Here is a brief presentation of The Valley of the Lost Shell by Ken Hite himself:
"The Valley of the Lost Shell is a classic 'exploration' adventure, set in a wet, poisoned sandbox. [...]  I see the Qelong Valley as a land of steam, smoke, mist, fog – high grasses and low mangroves, like the Dead Marshes or Beowulf’s fen country. All of this grows not in a placid pastoral Olden Tyme, or even a gently corroded Dark Age, but in the path — or technically on the sidelines — of a great and incomprehensible war. Houses and farms are burned, villagers gaunt and feral. Dogs whine over the carcasses of their masters, then tear out the intestines to feed themselves. Men kill each other for a handful of rice, or for a woman who can be beaten into cooking it. All around, sorcerous echoes and explosions ripple the skies, but as a constant drumbeat of vile thunder, not as anything aimed at anyone in the same country.
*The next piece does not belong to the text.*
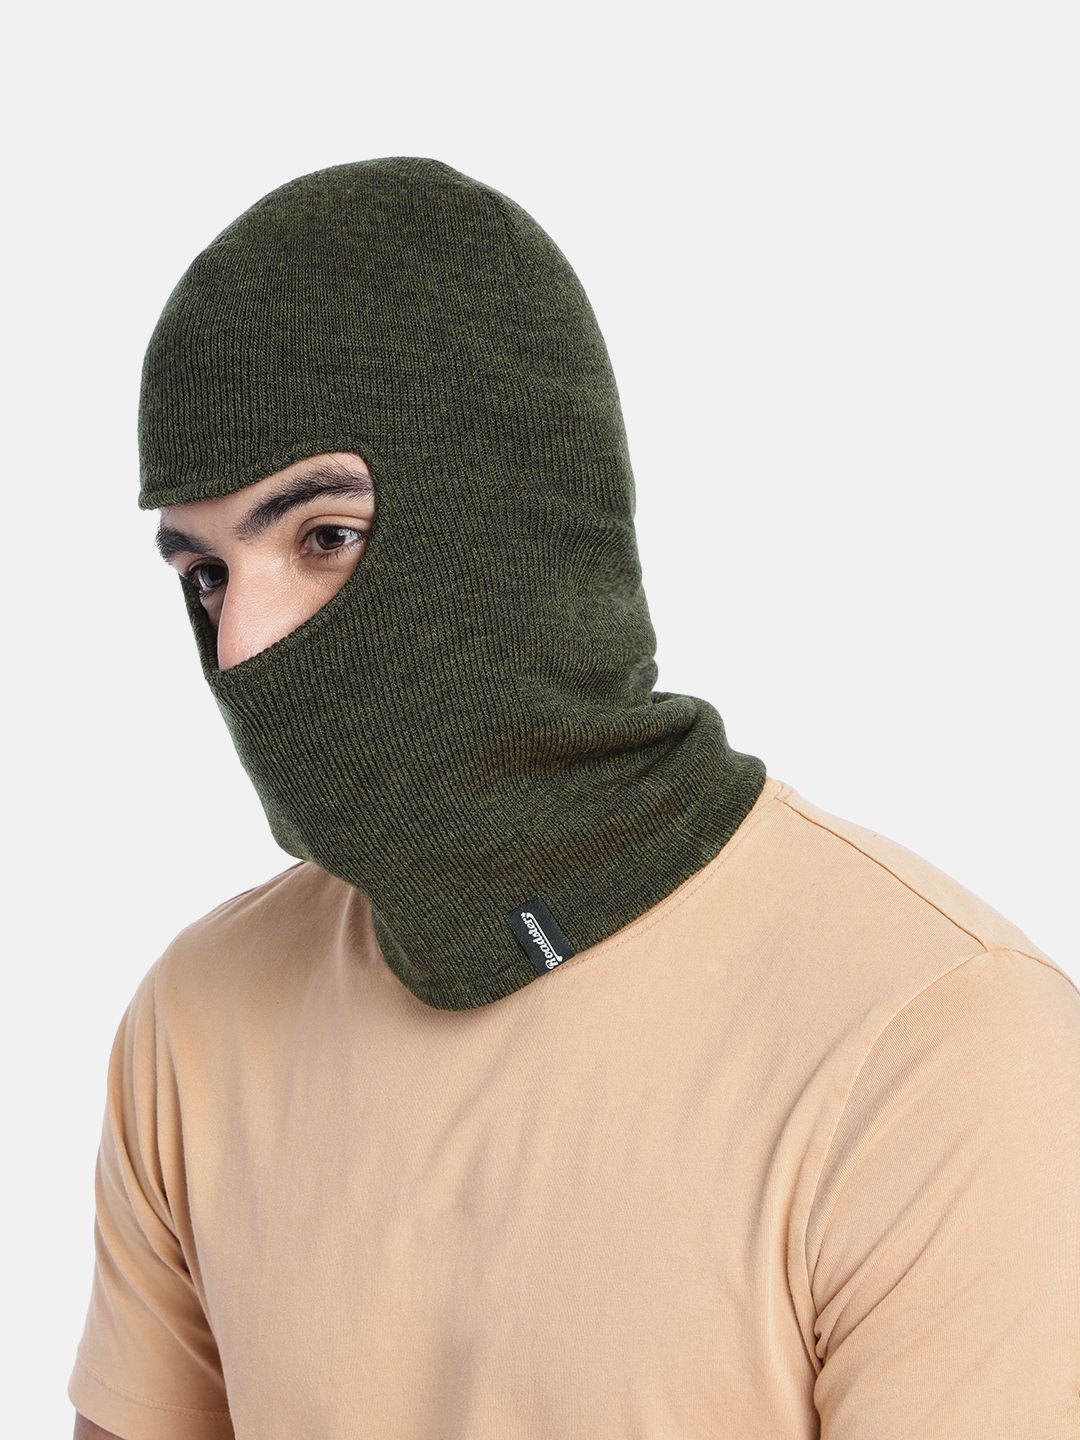 Roadster Unisex Green Solid Balaclava Price in India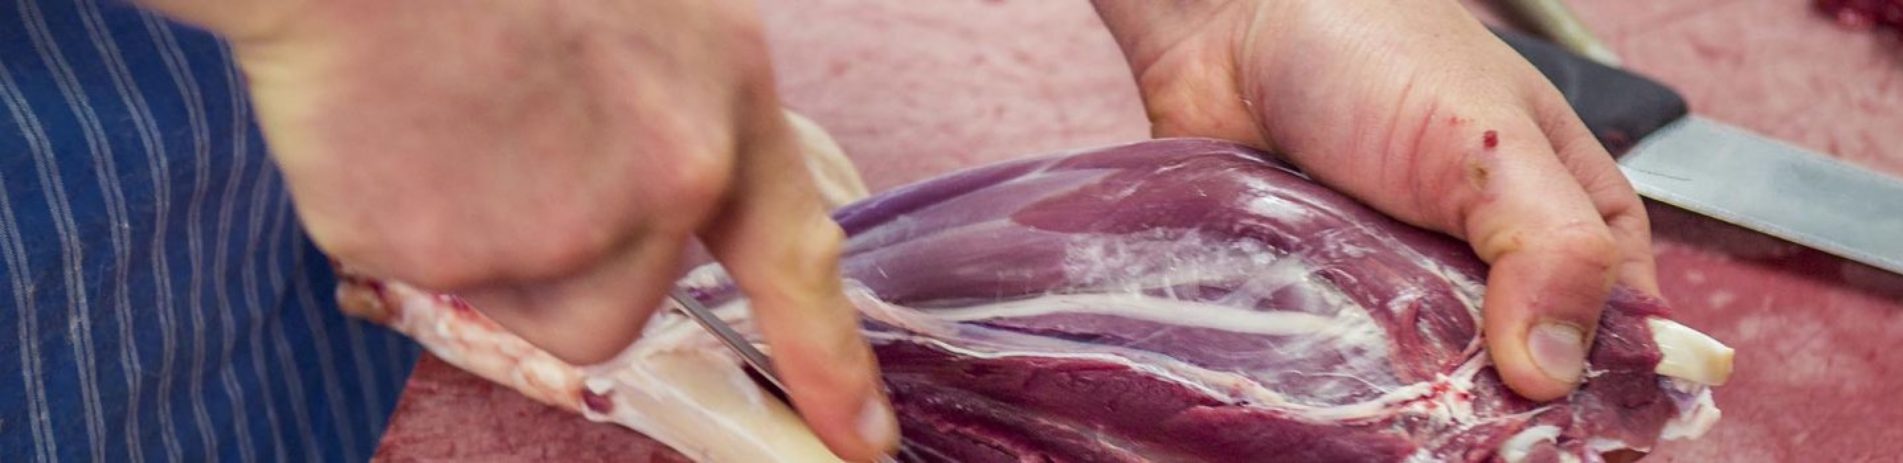 close-up-of-hands-cutting-raw-meat

The Qelong Valley has been poisoned by accident and forgotten by its killers. Only the scavengers remain, and the worms that grow in the corpse.
Magical fallout, the elephant lich, the hundred-mile-long naga, the Lotus Monks, the insect-possessed myrmidons, and so much more... different than anything LotFP has done so far, that's for sure."


Elephant lich? Hundred-mile-long naga? Lotus Monks? Colour me interested :-)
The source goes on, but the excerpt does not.